# [Task goal]
Beginning with the line that holds "The Badgers Path, a", copy every remaining line of the listing below exactly, and leave the pictures out.

# [The data]
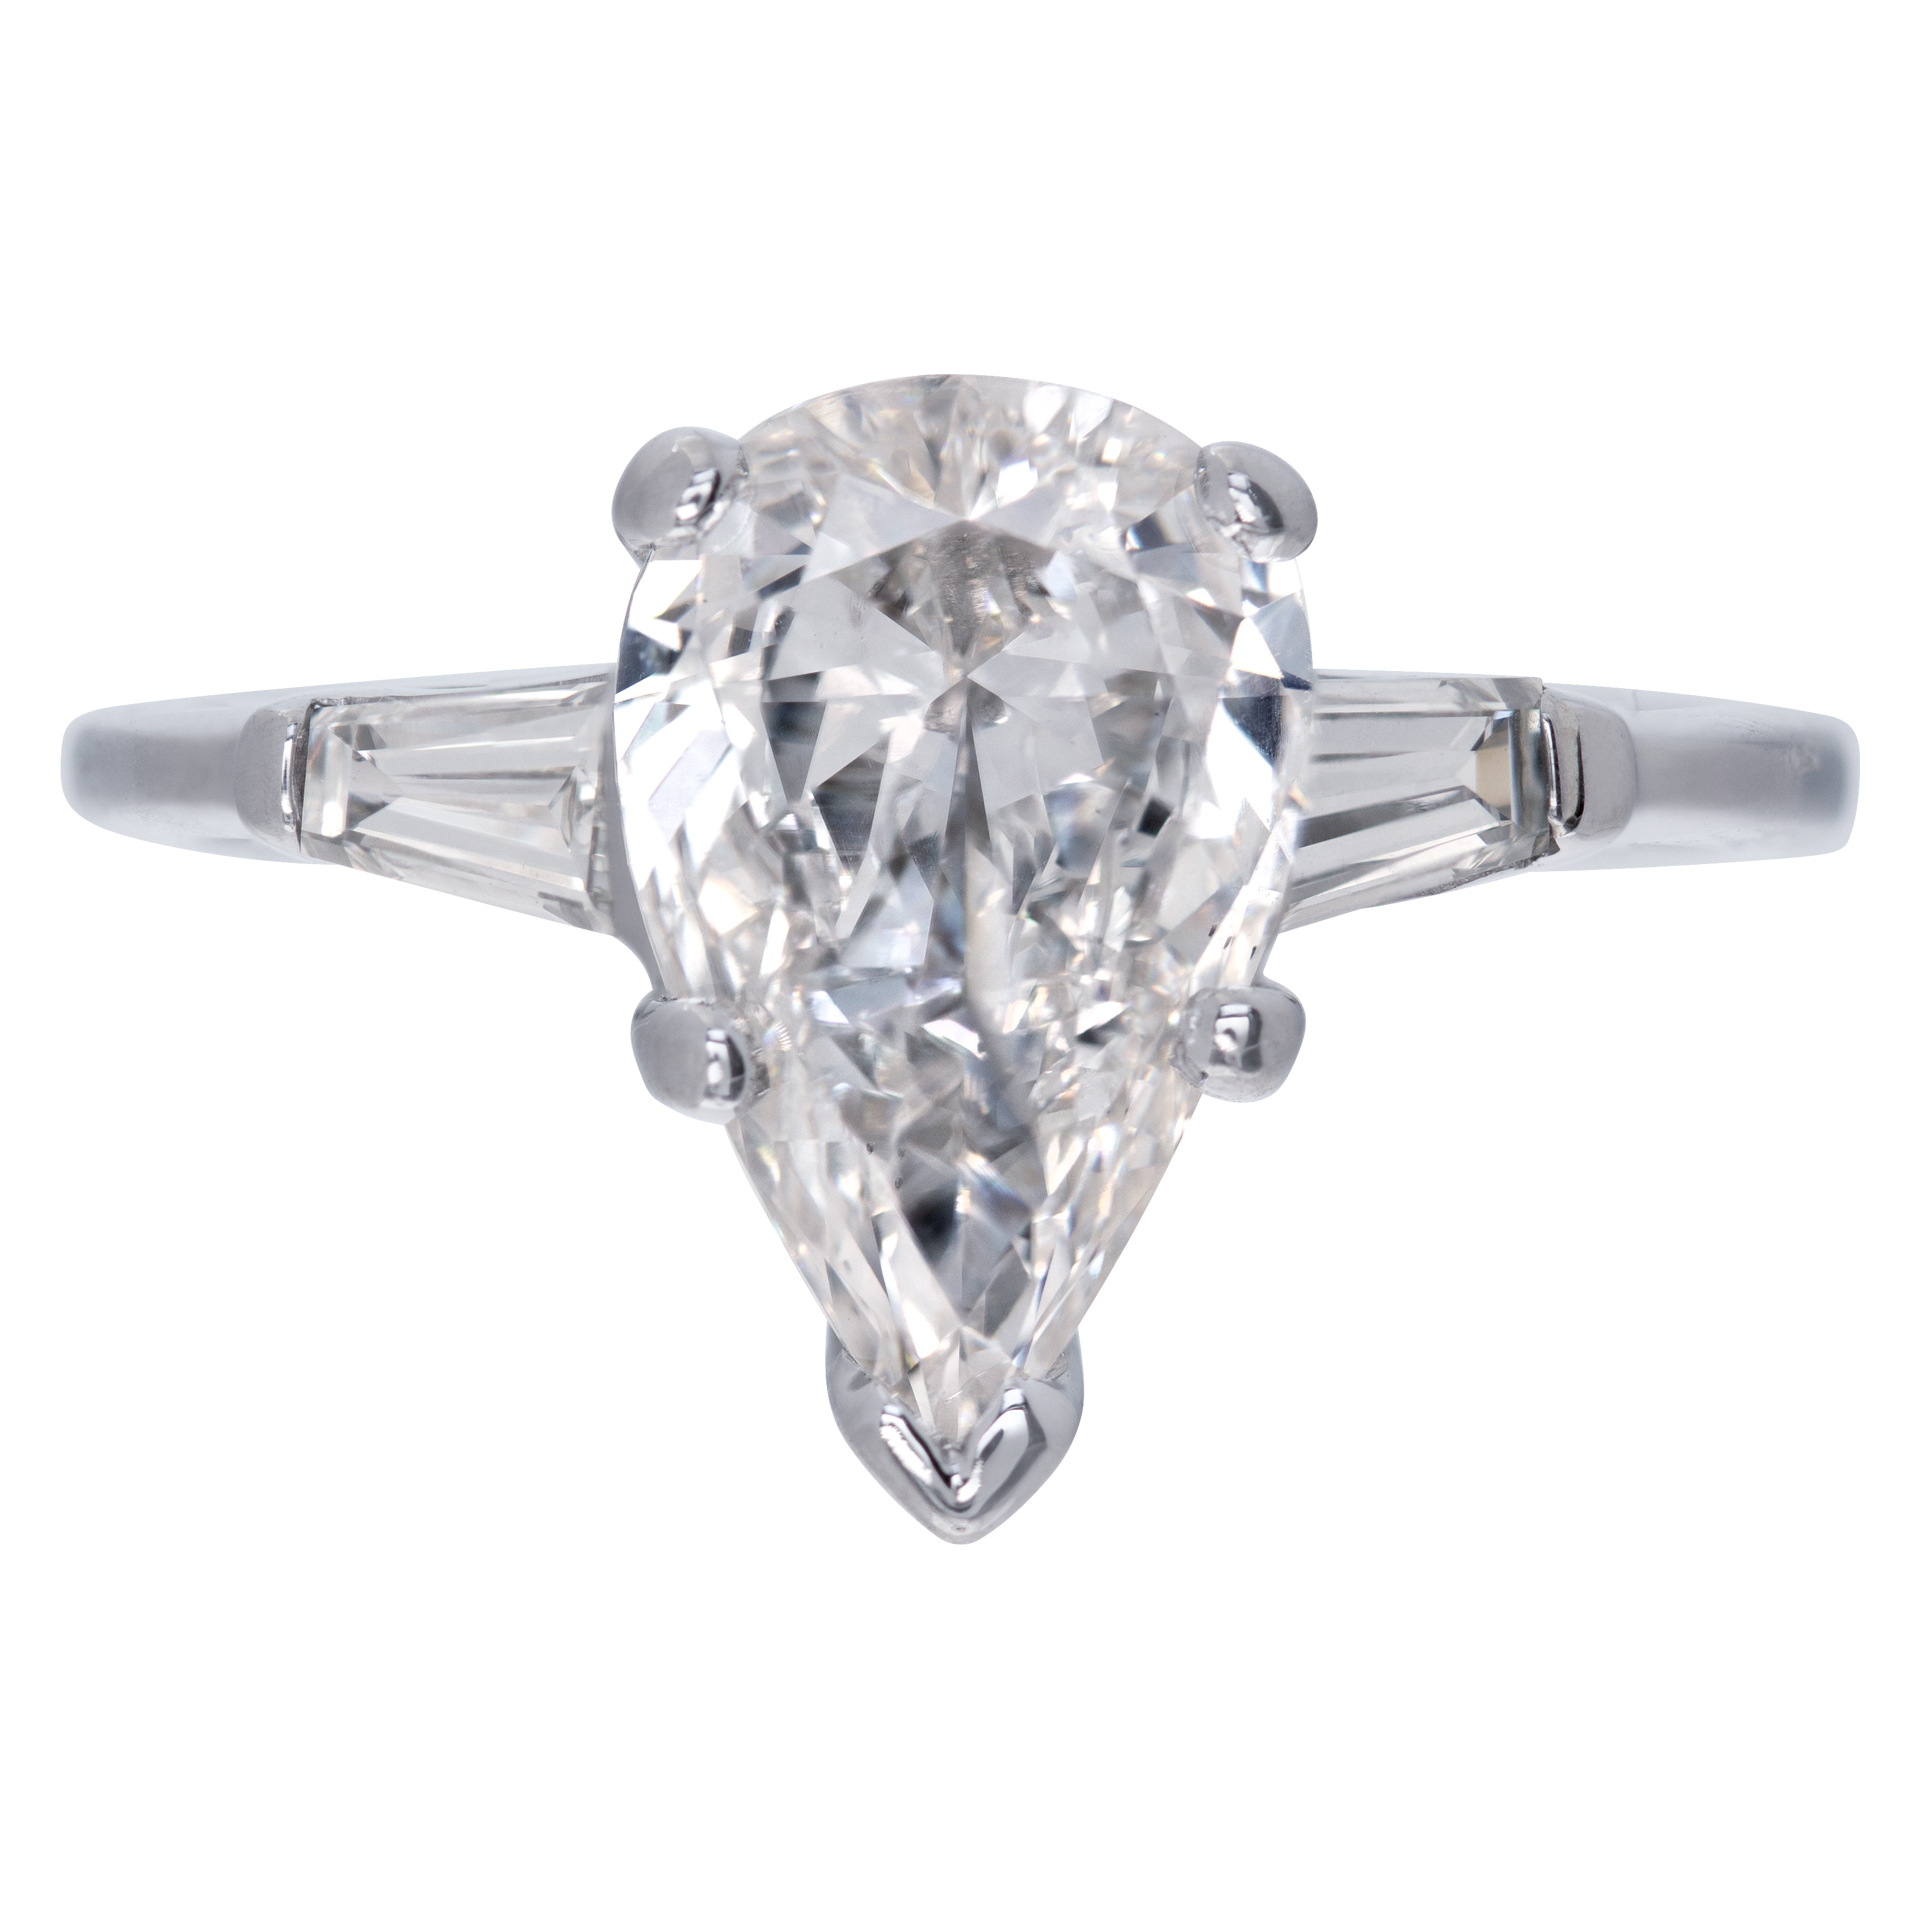 GIA Certified pear shaped diamond ring with 2.08 carat diamond (I color, VS2 clarity). in platinum setting image 2
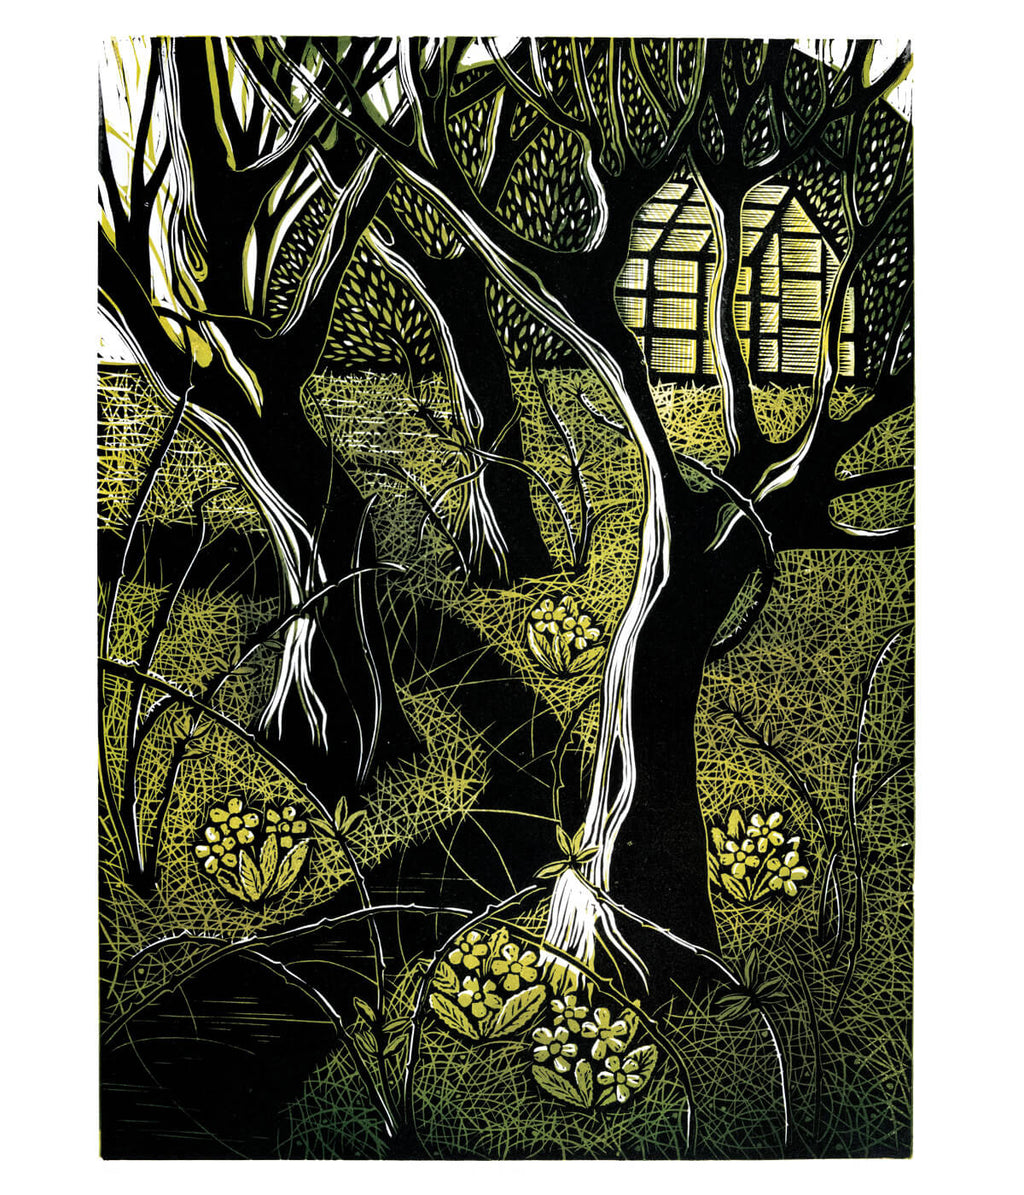 The Badgers Path, a linocut print by Sarah Kirby
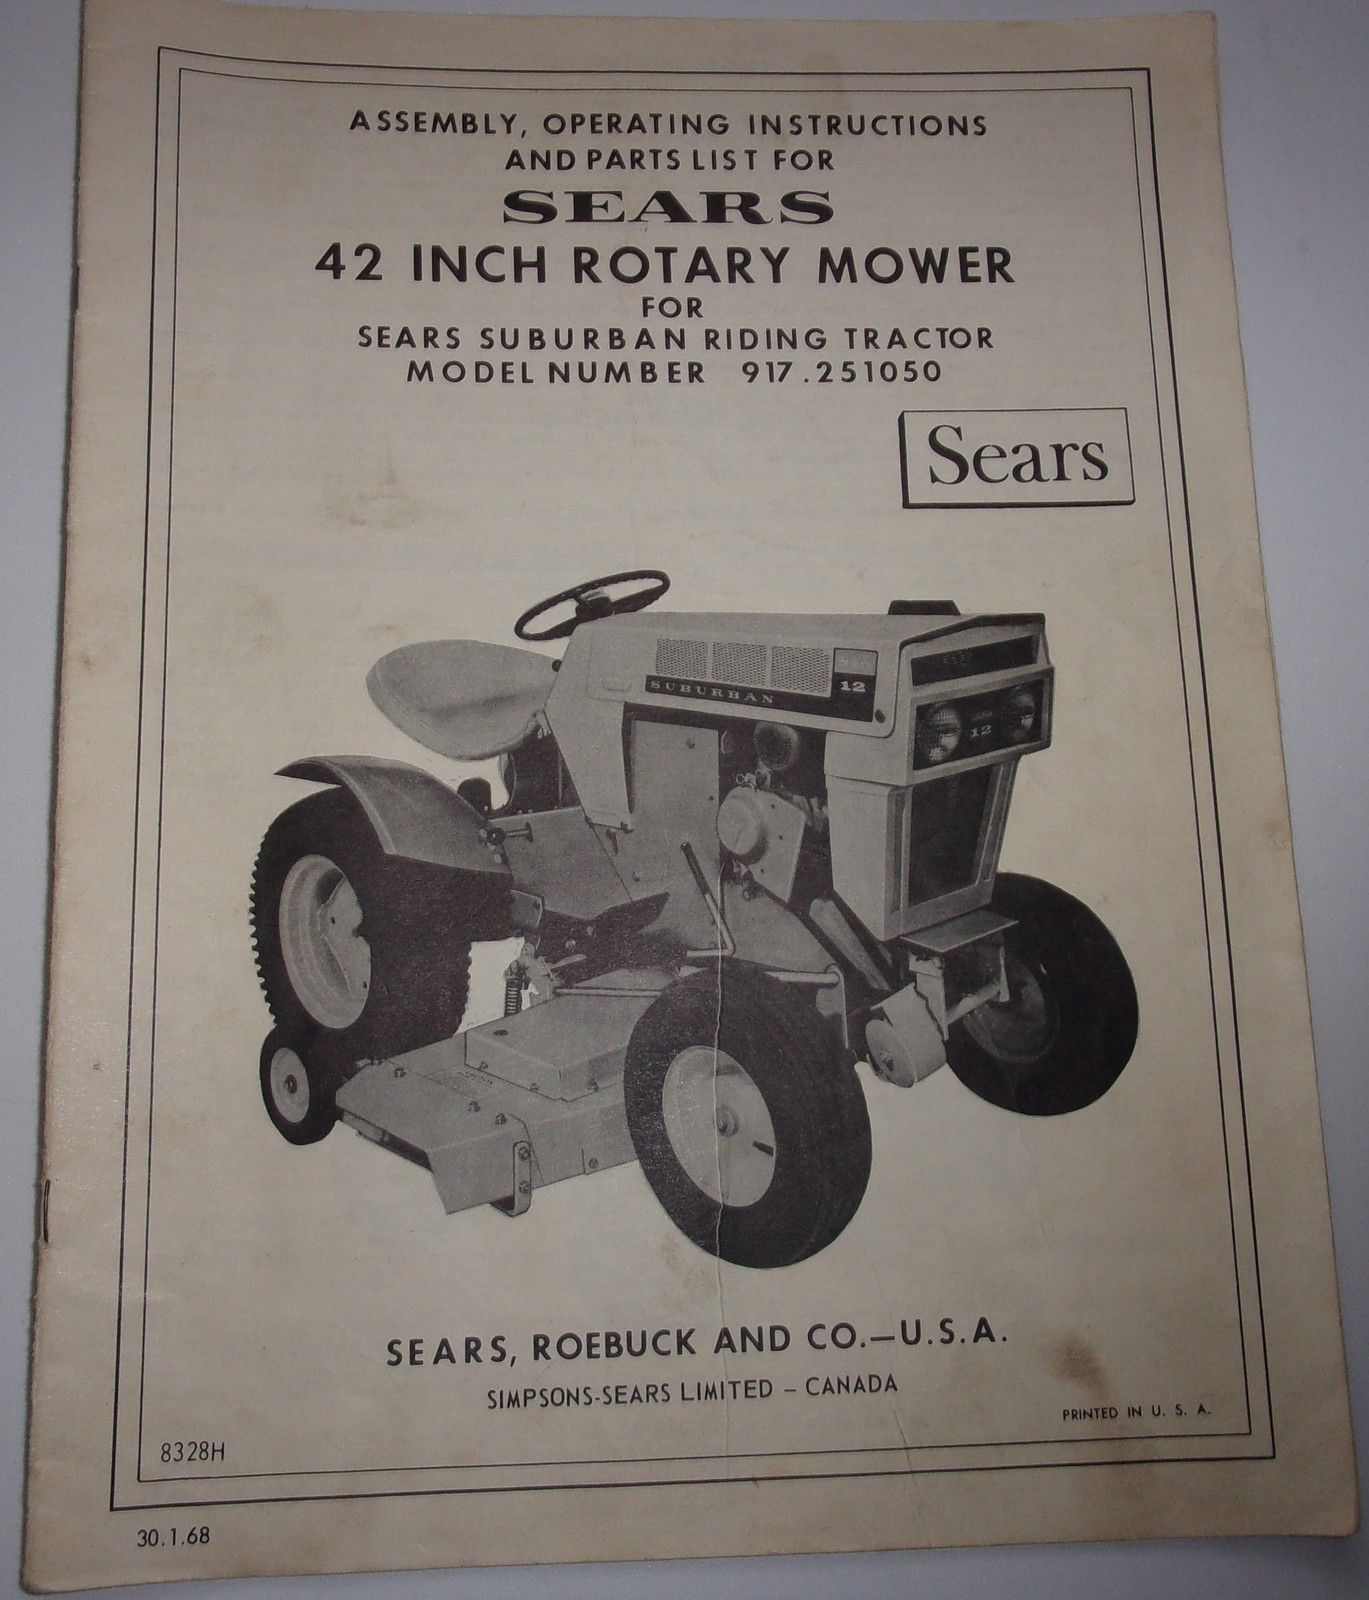 Primary image for Sears 42” Rotary Mower Assembly Operating Instructions & Parts List 917.251050

# [Finished exercise]
 The Badgers Path, a linocut print by Sarah Kirby
 Primary image for Sears 42” Rotary Mower Assembly Operating Instructions & Parts List 917.251050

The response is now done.